The case study demonstrated that remanufacturing can be an effective strategy for a firm to achieve both economic profitability and environmental sustainability. Despite the cannibalization of the new product sales, embracing remanufacturing achieved a higher profit and a greater market share with reduced environmental impact. Scenario NRW dominated Scenario NO in all three analyses and showed that there exist multiple opportunities for “green profit” and “green market share.” Upgrading in remanufacturing was revealed as one factor that maximizes the potential of remanufacturing. The results of the case study do not mean that such profit and market-share opportunities always are available, or that incorporating remanufacturing is always a good choice. It depends on the business case. However, if any opportunities exist, the proposed model can help reveal them and can assist in the OEM’s decision-making.

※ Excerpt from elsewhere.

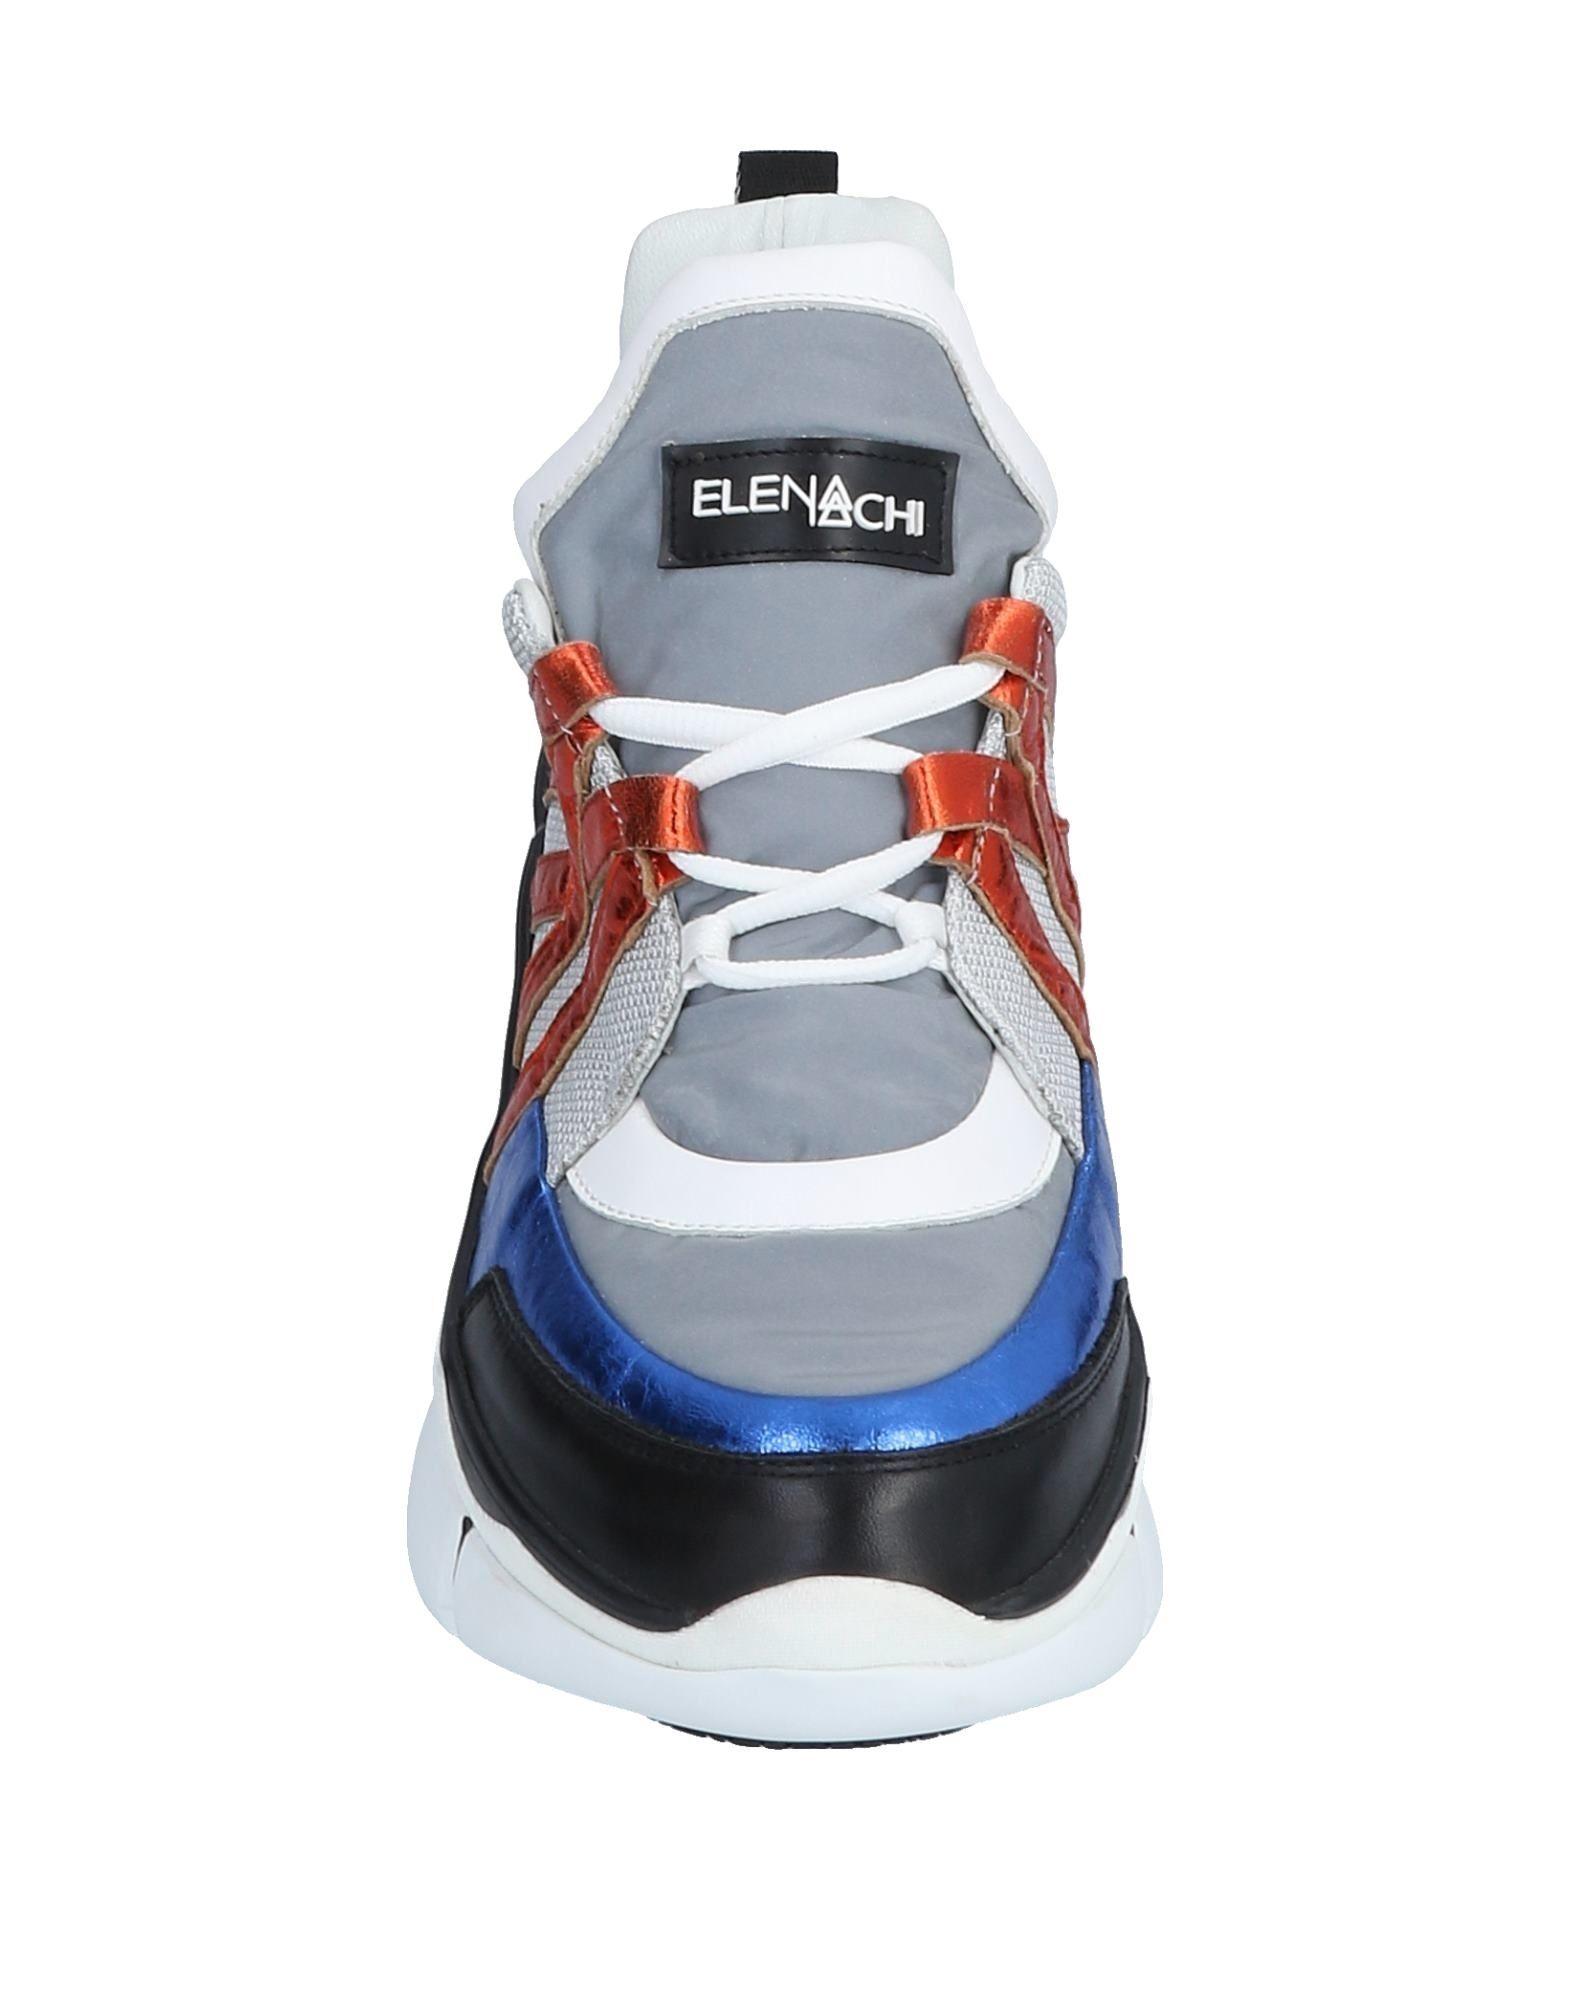 elena iachi baskets - femmes elena en iachi baskets en elena ligne sur canada - 11581612ov c91f61

The current model considers only a single period and ignores the effects of current decisions on the next period. In the future, the model can be improved for multi-period planning by including future effects. Uncertainty consideration is another possibility for future research. Many parameters in the optimal line design are stochastic and uncontrollable in reality. A stochastic model can be developed in the future to deal with such uncertainties. Demand modeling was beyond the scope of this paper, but it is a critical element for the success of the proposed model. More research is needed in the future to clarify how the market responds to the pricing decisions. The current model also did not consider the case in which the competitors change their product line design in response to the OEM’s optimal decisions. Game theory can be utilized in the future to better reflect competition among firms.